I could go on and on, obviously, but I won't. You're welcome. There are some 10 years worth of articles at The BRAD BLOG <http://www.BradBlog.com> that folks can peruse to determine the facts underscoring my concerns and those of the others who have legitimately expressed them to you, Chuck Todd, about private, unaccountable corporations --- owned by associates of Mitt Romney or by anybody else --- having so much unoverseeable control of our once-public electoral system.

But, to misinform your 272,035 Twitter followers, not to mention your millions of viewers on television, that concerns about oft-failed, easily-manipulated electronic voting and tabulation systems are little more than "conspiracies" which "belong in the same category as the Trump birther garbage" is an extraordinary disservice to your readers, your viewers and the U.S. electorate as a whole.

They deserve a /much/ better understanding of our electoral system from someone such as yourself, who is relied upon by so many as an expert in these matters.

Again, I would welcome the opportunity to discuss these concerns with you on your /Daily Rundown/ show on MSNBC any time.
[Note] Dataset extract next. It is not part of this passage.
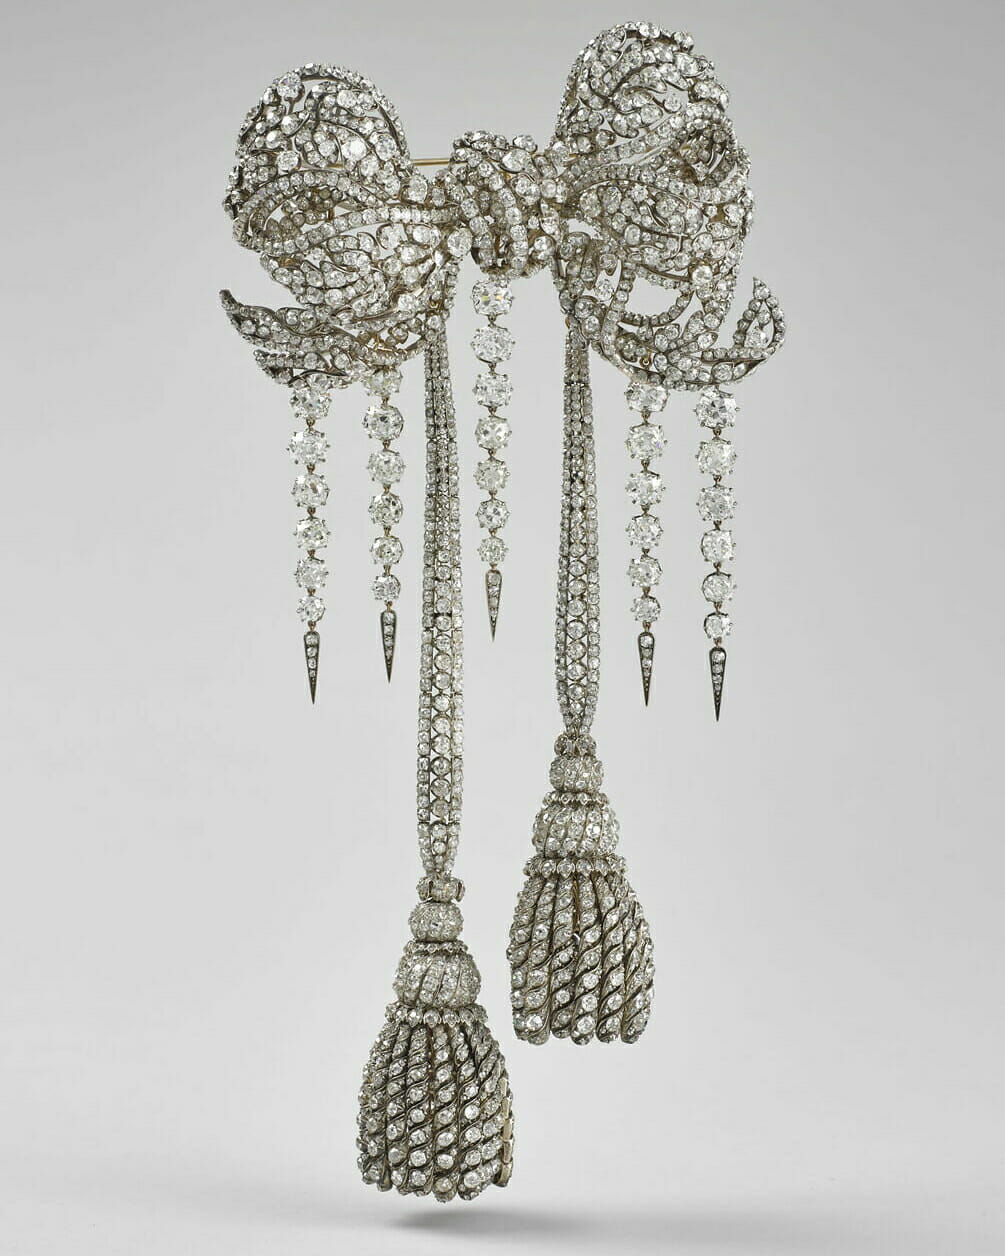 Marie-Antoinette's Jewels Come to Auction, Jewelry

If, in fact, you are correct, that these concerns are little more than 'conspiracy garbage', you will do the electorate a great service by having me on, and putting me in my place once and for all by explaining why.

If these concerns are not 'conspiracy garbage', as I would argue, you would be performing a great service to the electorate by helping the electorate understand why they are not, and what voters may be able to do at this point to help minimize the possibilities of their votes not being counted accurately or transparently, or even at all, this November 6th.